• **Work to complete**:
Restate the data below word for word, and let no image into your version.

• **Recorded data**:
┄┄┄┄┄┄┄┄┄┄┄┄┄┄┄┄┄┄┄┄

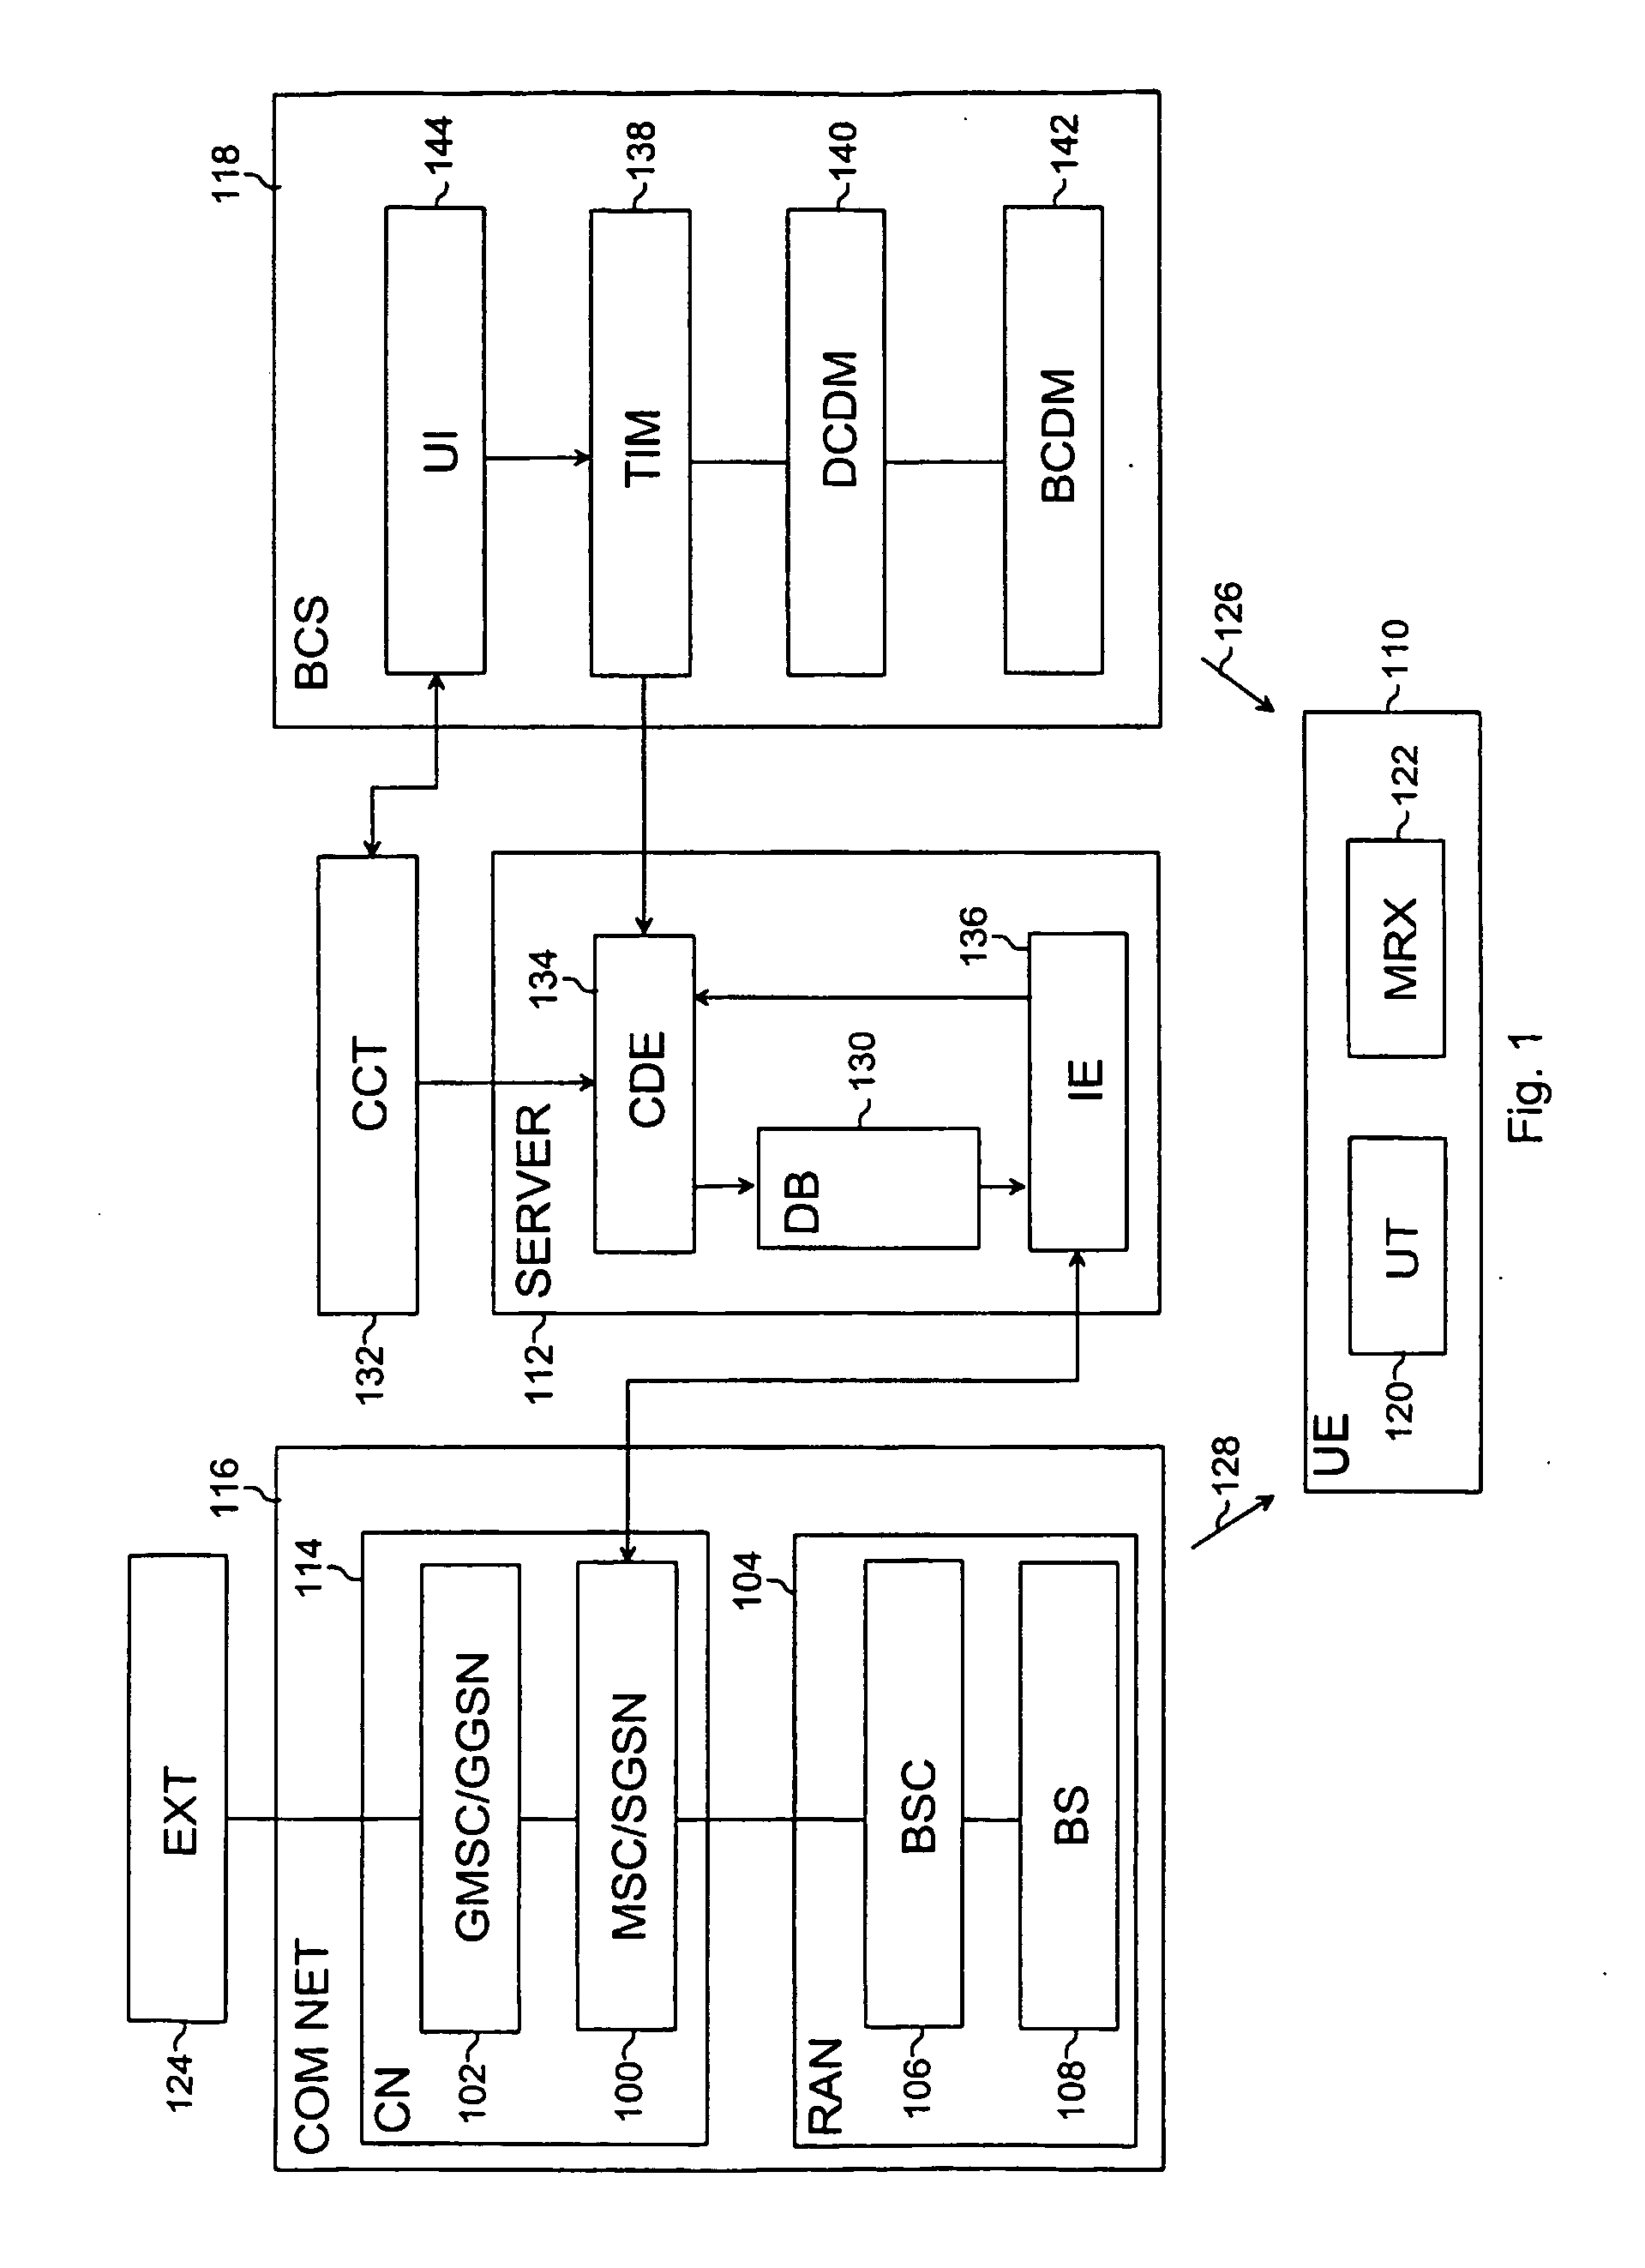 Method of providing service for user equipment and system
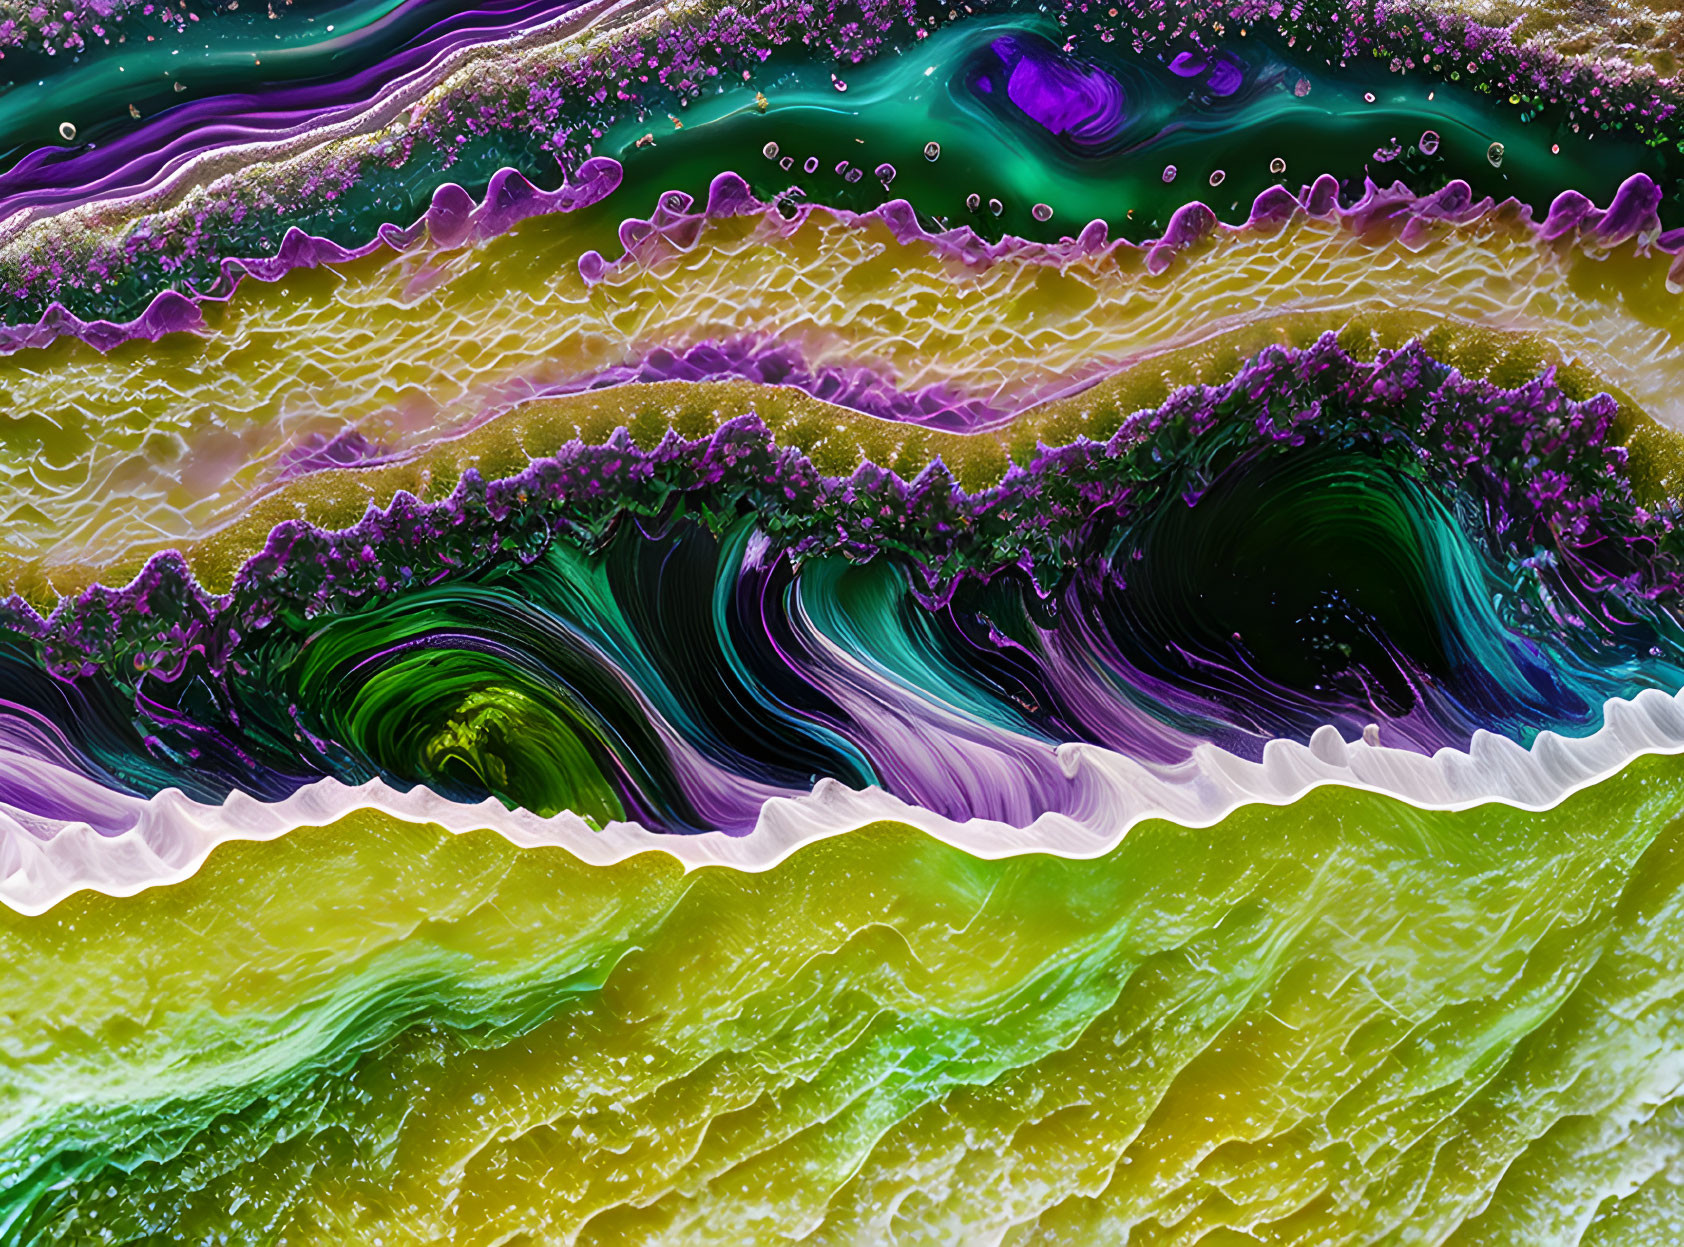 Abstract wavelike patterns in vibrant purple, green, and yellow hues with fluid textures
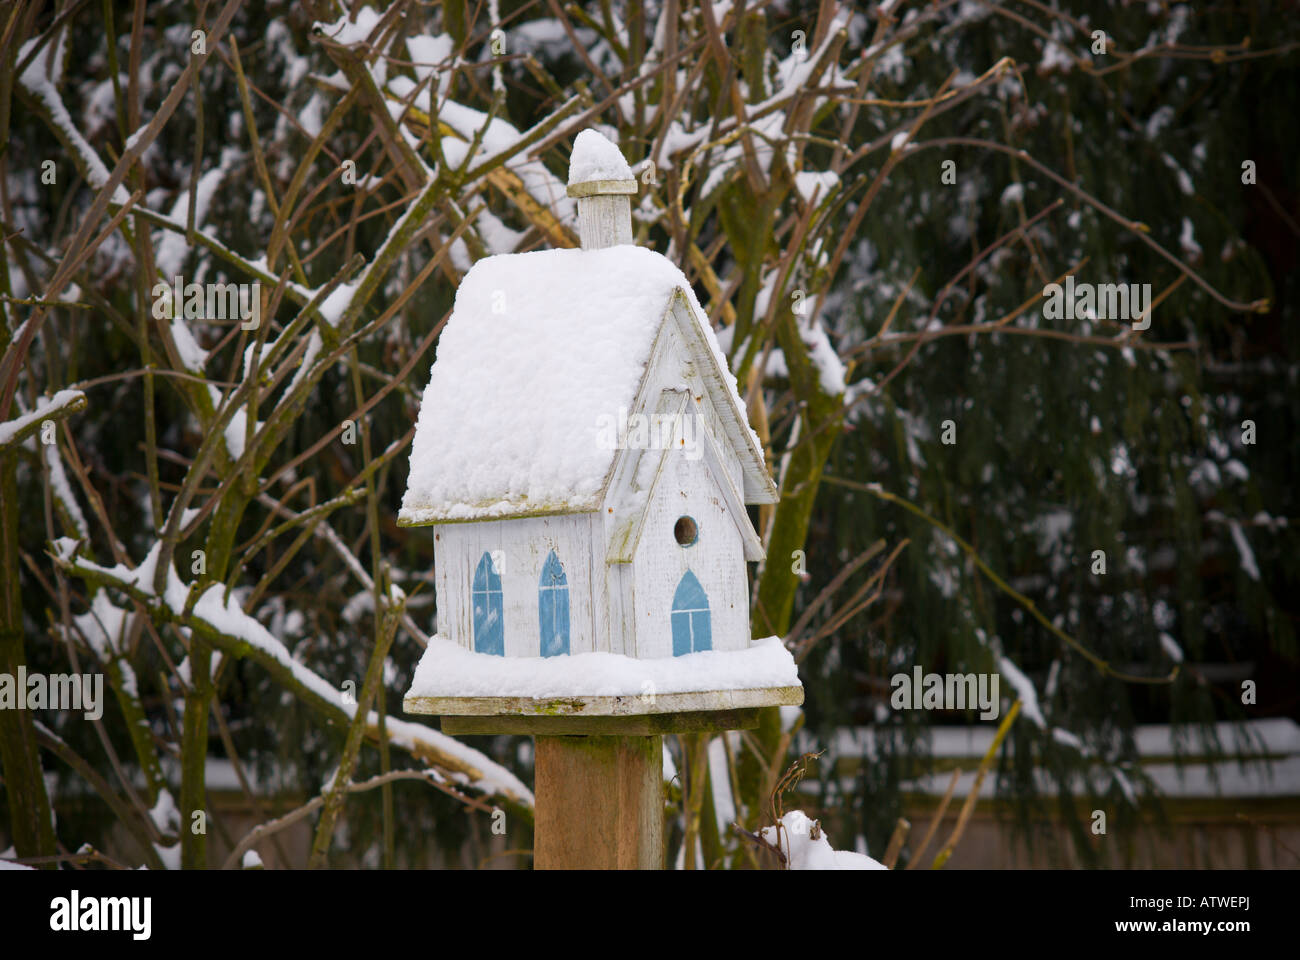 Church style bird house covered in snow Stock Photo

┄┄┄┄┄┄┄┄┄┄┄┄┄┄┄┄┄┄┄┄

• **Solution**:
 Method of providing service for user equipment and system
 Abstract wavelike patterns in vibrant purple, green, and yellow hues with fluid textures
 Church style bird house covered in snow Stock Photo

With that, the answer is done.